Monday, May 09, 2011

Where form and function meet

Architect Joseph’s John’s house in Kochi has a forbidding exterior, but a warm interior

By Shevlin Sebastian

Photo: Architect Joseph John and his wife in their garden

The first sight of architect Joseph John’s house at Kochi is intimidating. The courtyard is filled with black, chipped, gravel stones. Apart from a door, all you see is a large blank wall with no windows at all.

“I realised that there is no point in looking at the main road, because there is nothing there,” he says. “So I decided the back of the house should be my front. It is something like a desert. There is no vegetation. It is an unfriendly exterior. But when you come inside, things are different.”

Yes, indeed, the moment the wooden door is opened, you are immediately confronted by a green plant growing in a brass vase. On the right there is a five-foot high fingerpalm tree and an abstract painting, next to it, on the wall, in thick red, white, blue and yellow streaks, drawn by John himself.

The living room is spacious, with wooden sofas and chairs, while the floor is made of polished wood. On a side table there is a striking statue of an African Masai couple wearing red tunics and colourful bead necklaces, the man holding a thin, long spear. At one end of the room, there is a foot-high pool, with several frogs, made of porcelain placed in the water, as well as on the side.

“The aim is to keep the room cool,” says John. “And the frogs give the impression that it is an actual pool.”

John has a collection of frogs from all over the world. He has stored them in a bookcase. One is lying on its back, its four legs spread out, as if he is sleeping off a hangover. Another is massaging another frog, presumably a female. “I cannot explain my fascination for frogs,” he says, with a laugh.

From the living room, it leads off to a semi-circular verandah.

At one corner there is a reclining chair, made of black rexine leather, with a low foot stool. “This is where I read my morning newspaper with a cup of tea,” he says, and points with his hand. “Look at the scene.”
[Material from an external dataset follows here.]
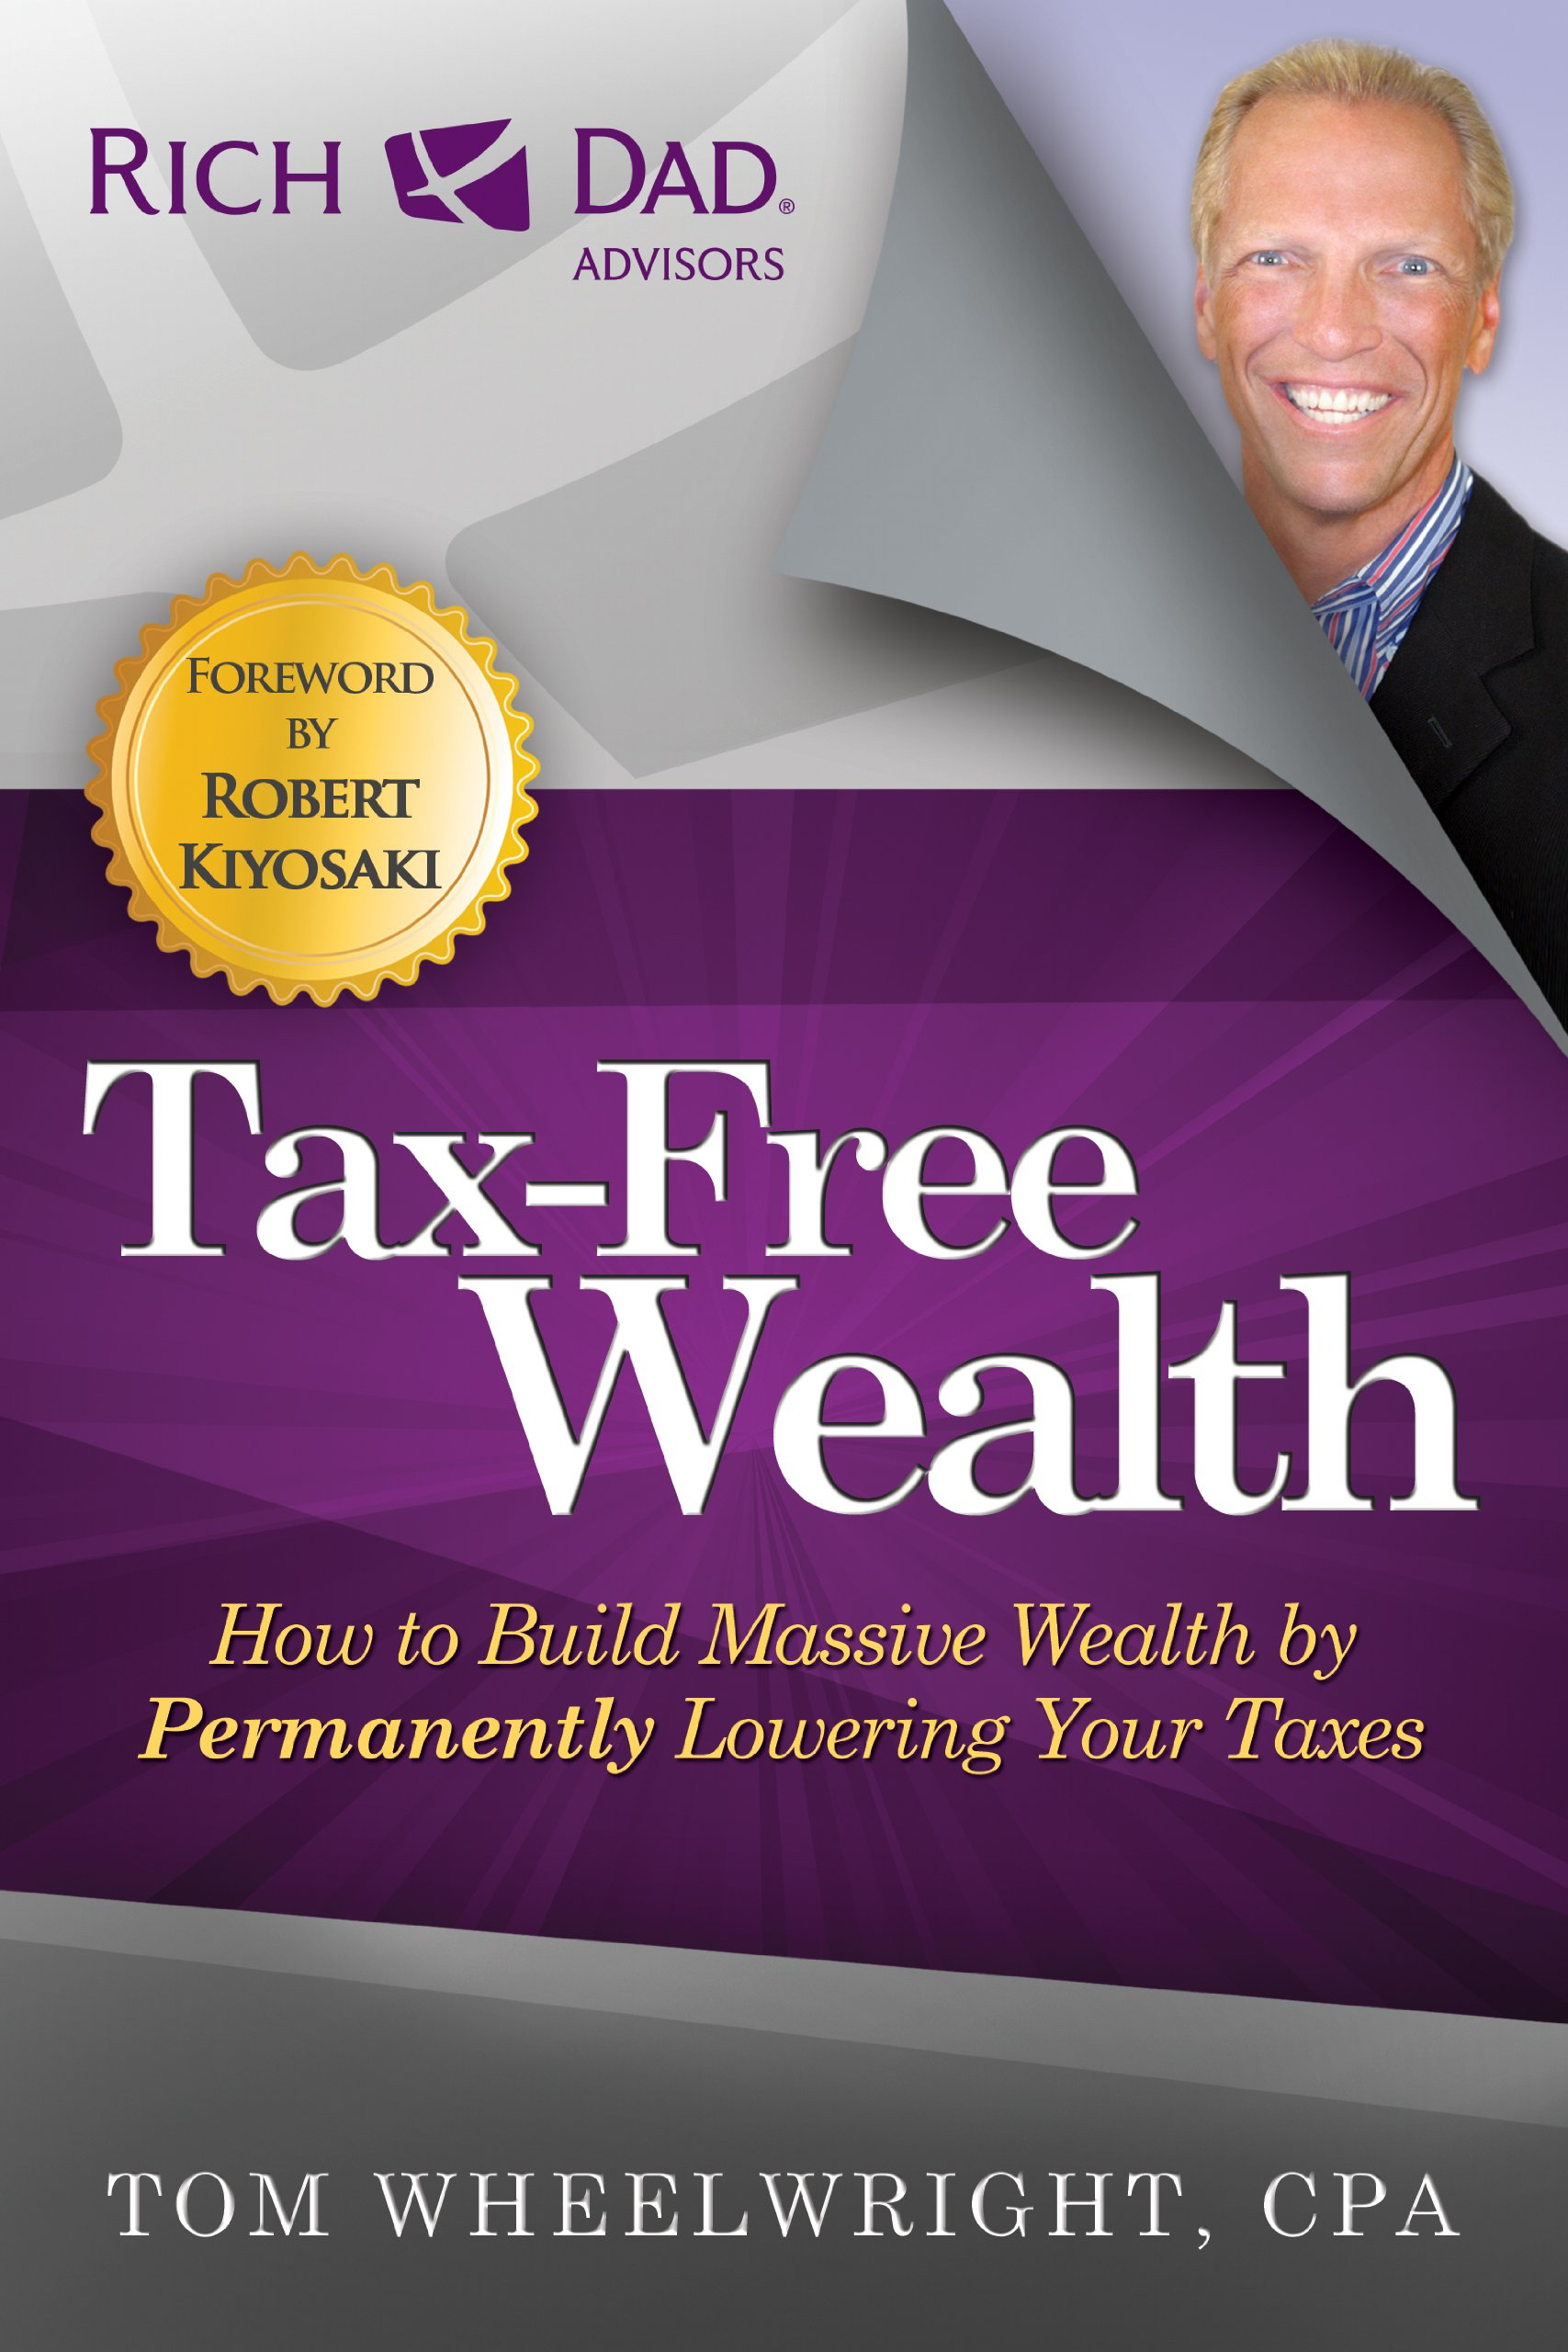 Tax-Free Wealth by CPA and CEO Tom Wheelwright

The scene: a small pond filled with water plants and Oscar fishes. Beyond that is a large grassy patch, filled with several coconut and frangipani trees. “Can you believe that this is a house in Kochi?” he says. “I have recreated a village scene in my backyard.”

Interestingly, John has painted the exterior of the 3000 sq. ft. house in a muted tone. “It is the colour of dried leaf or cowdung,” he says. “I was looking for a natural colour, which is soothing to the eye. I also wanted to give the impression that I am living in nature.”

Upstairs, he has made small bedrooms for his son, Shreyes, 17, and daughter Diya, 13. Both have only a cot and a study table. And he has an unusual explanation. “When my children grow up they will leave and go away,” he says. “So there is no need for large rooms.”

He gives an intriguing reason as to why the master bedroom is also small. “It is a space where you go to sleep, which means you are dead to the world,” says John. “But my clients have said, ‘We spend one-third of our life in the bedroom.’ But I tell them, ‘You are mostly sleeping, so you don’t need a big area.’”

Interesting perceptions by a gifted architect has resulted in an atypical, but alluring home.